> _Instructions to follow_
Print exactly the lines of the listing below from the one containing "künstlerisch bunt Mosaik" through the final line, both included, and no pictures.
*** Opening Provided material ***
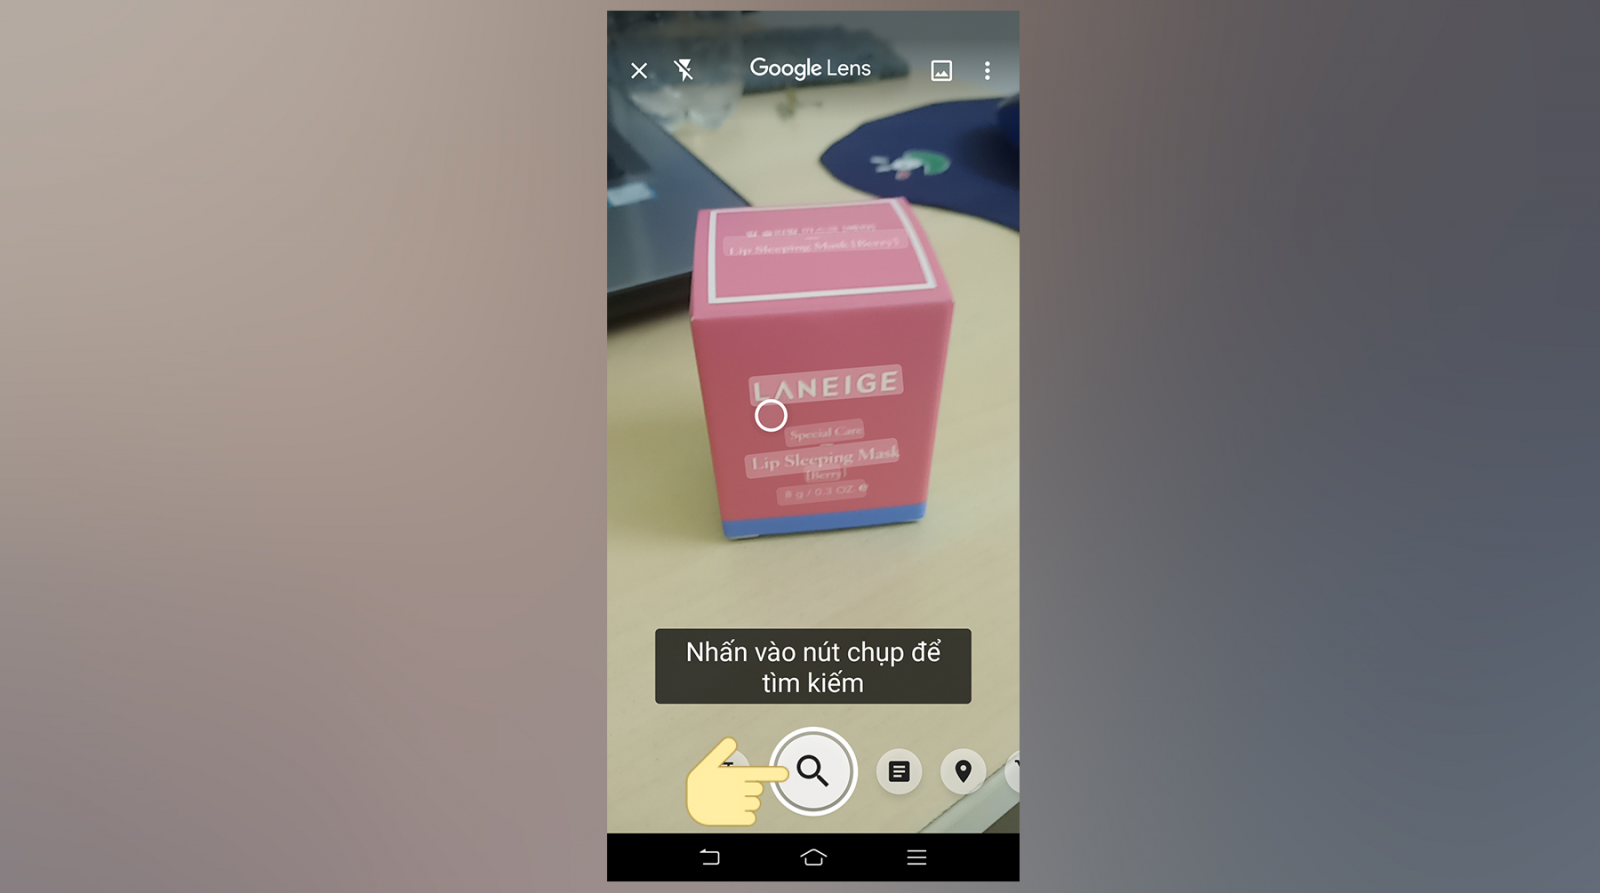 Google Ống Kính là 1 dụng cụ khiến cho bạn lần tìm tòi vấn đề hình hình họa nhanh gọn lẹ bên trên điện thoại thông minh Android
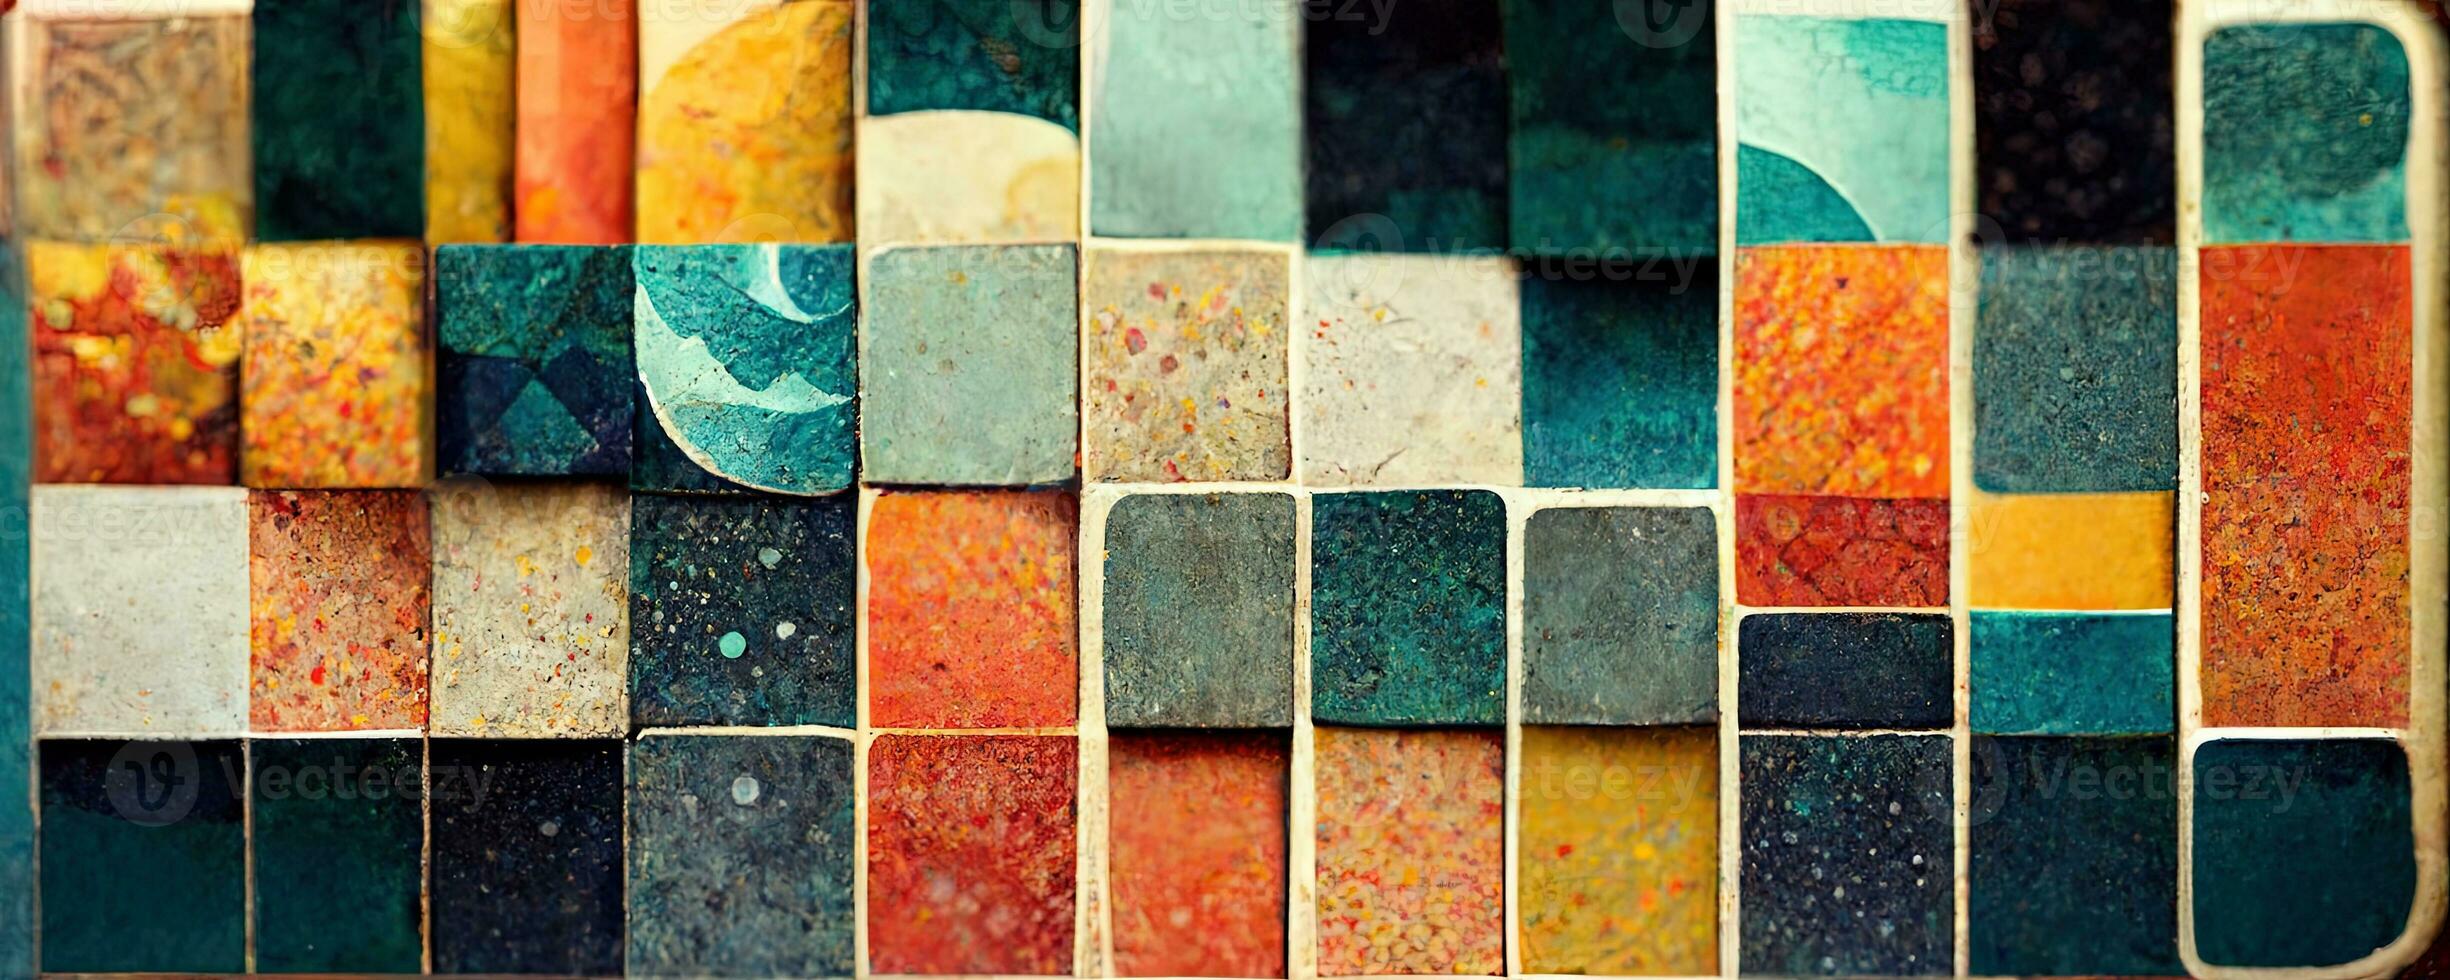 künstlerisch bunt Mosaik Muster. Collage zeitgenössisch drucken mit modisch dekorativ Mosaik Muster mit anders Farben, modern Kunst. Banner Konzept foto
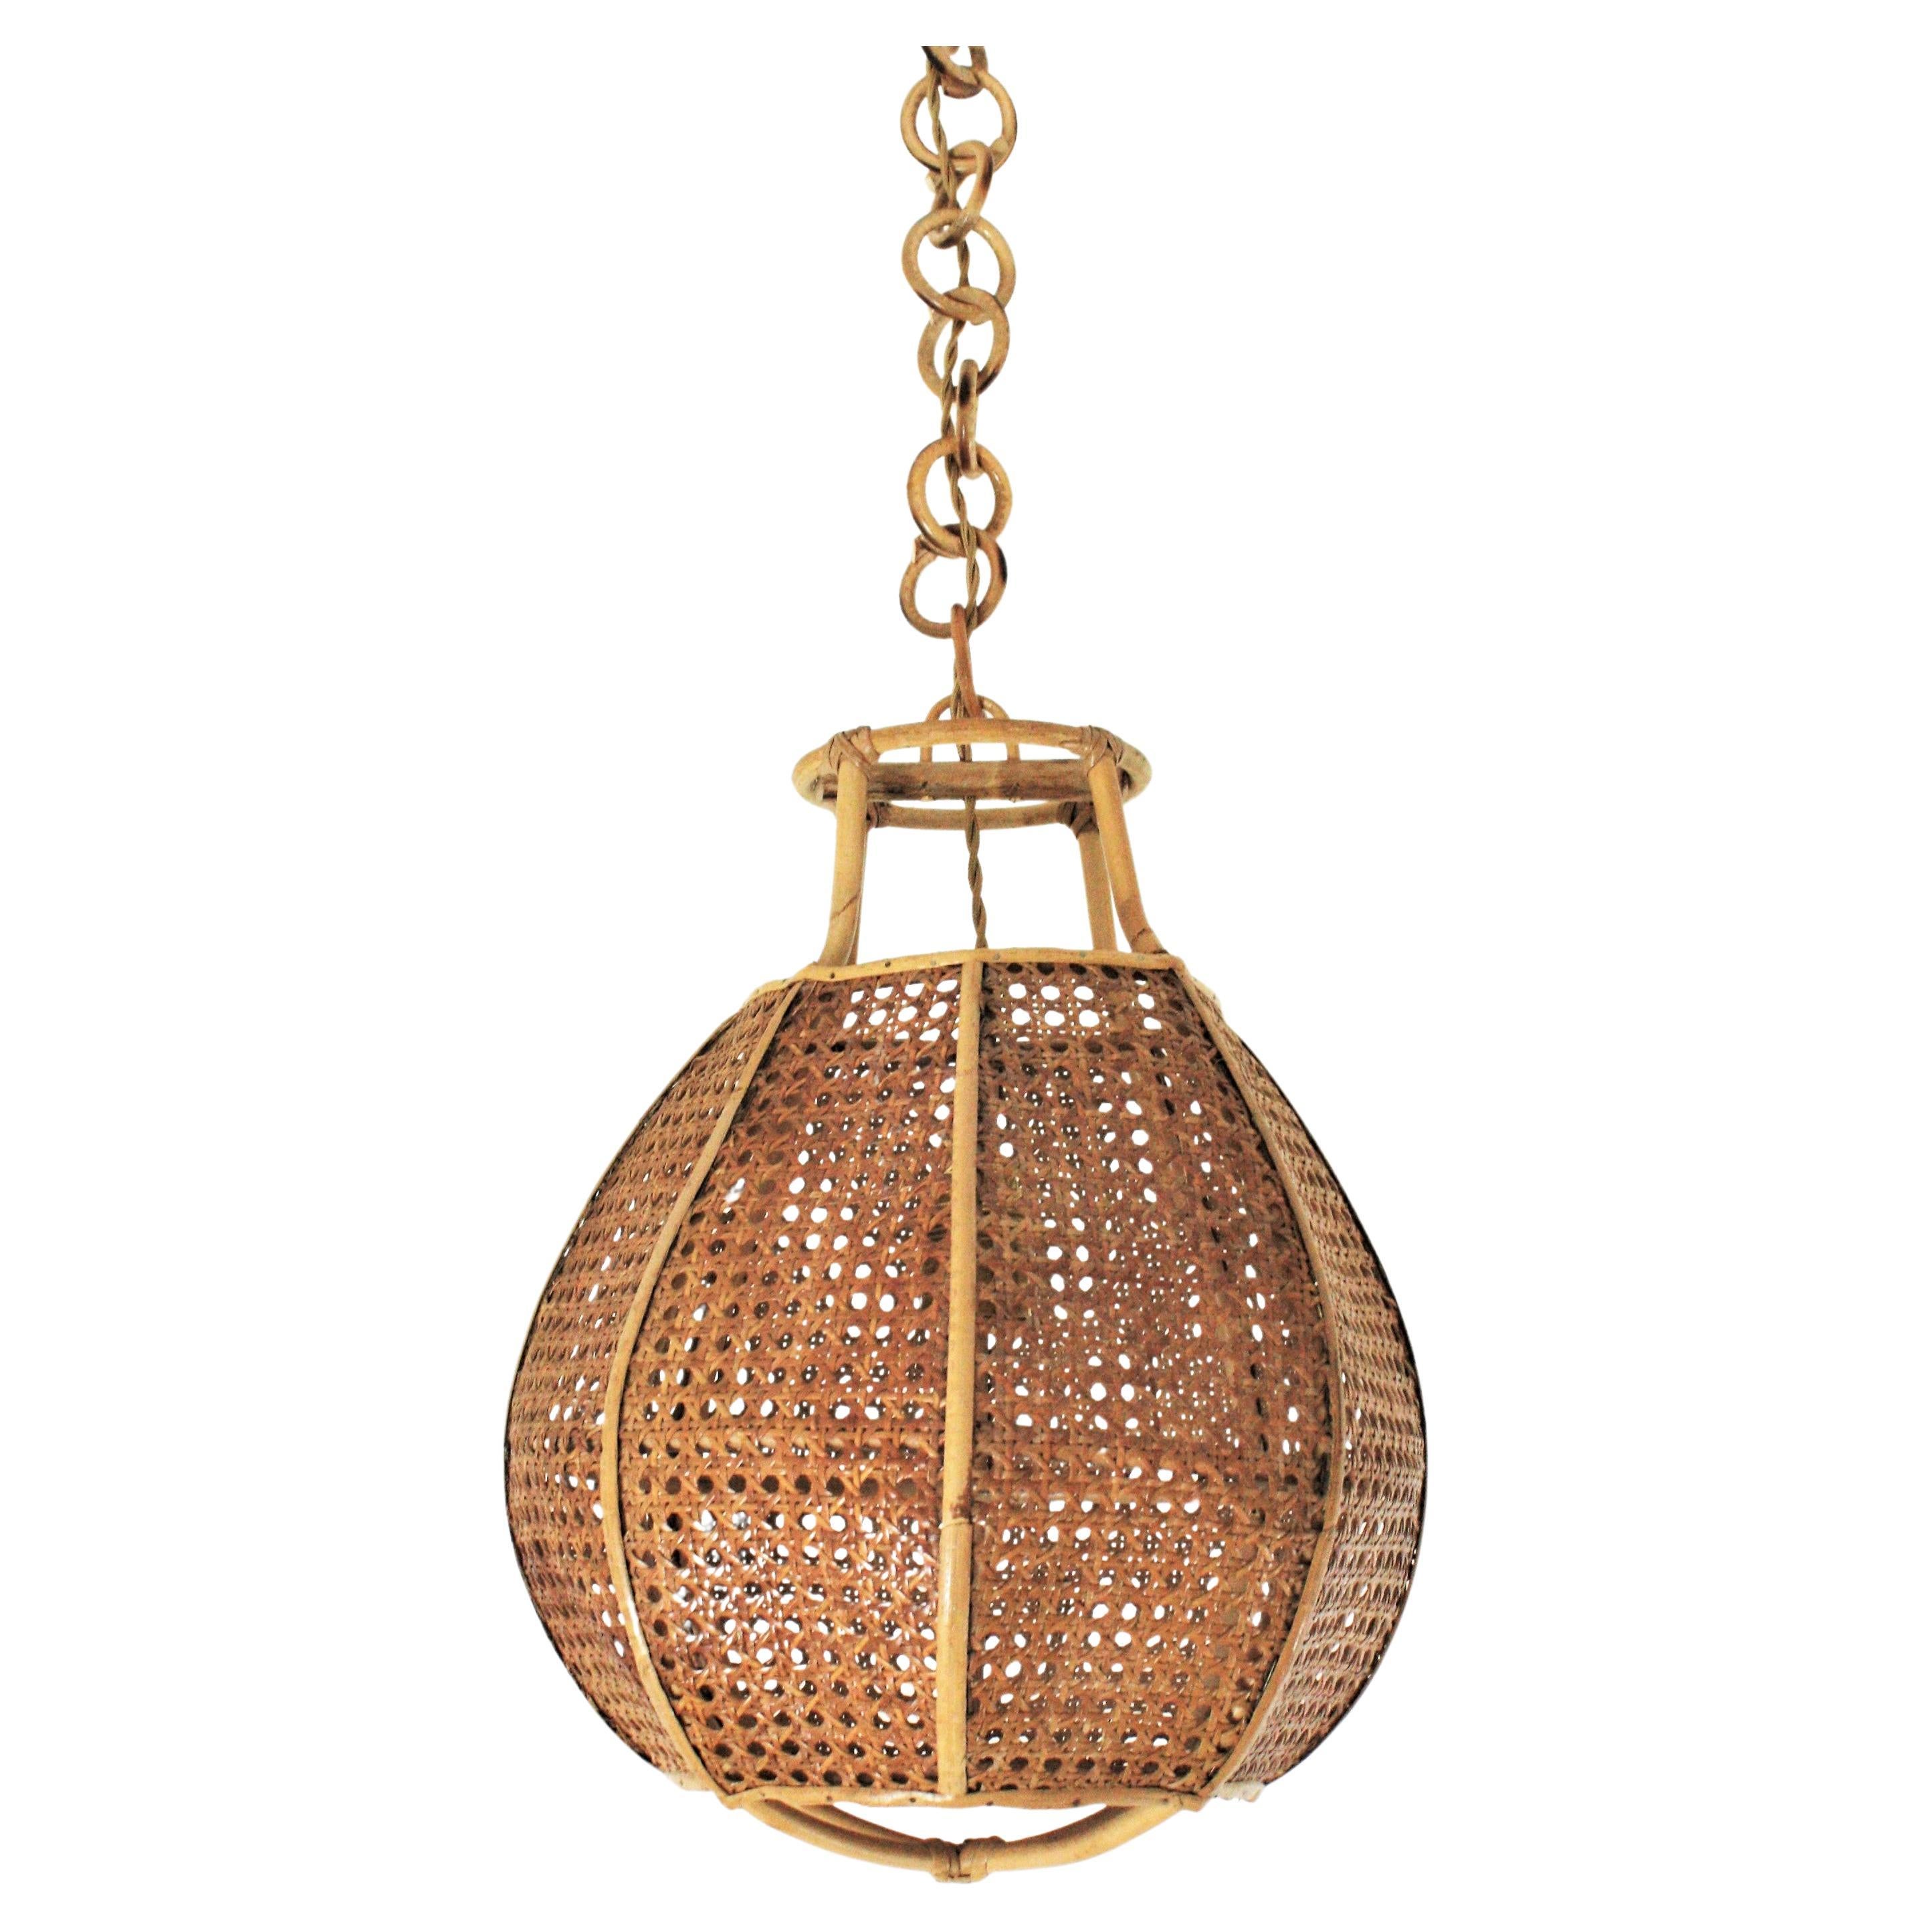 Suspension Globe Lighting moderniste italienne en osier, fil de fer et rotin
*** Closing Provided material ***
> _Exercise result_
 künstlerisch bunt Mosaik Muster. Collage zeitgenössisch drucken mit modisch dekorativ Mosaik Muster mit anders Farben, modern Kunst. Banner Konzept foto
 Suspension Globe Lighting moderniste italienne en osier, fil de fer et rotin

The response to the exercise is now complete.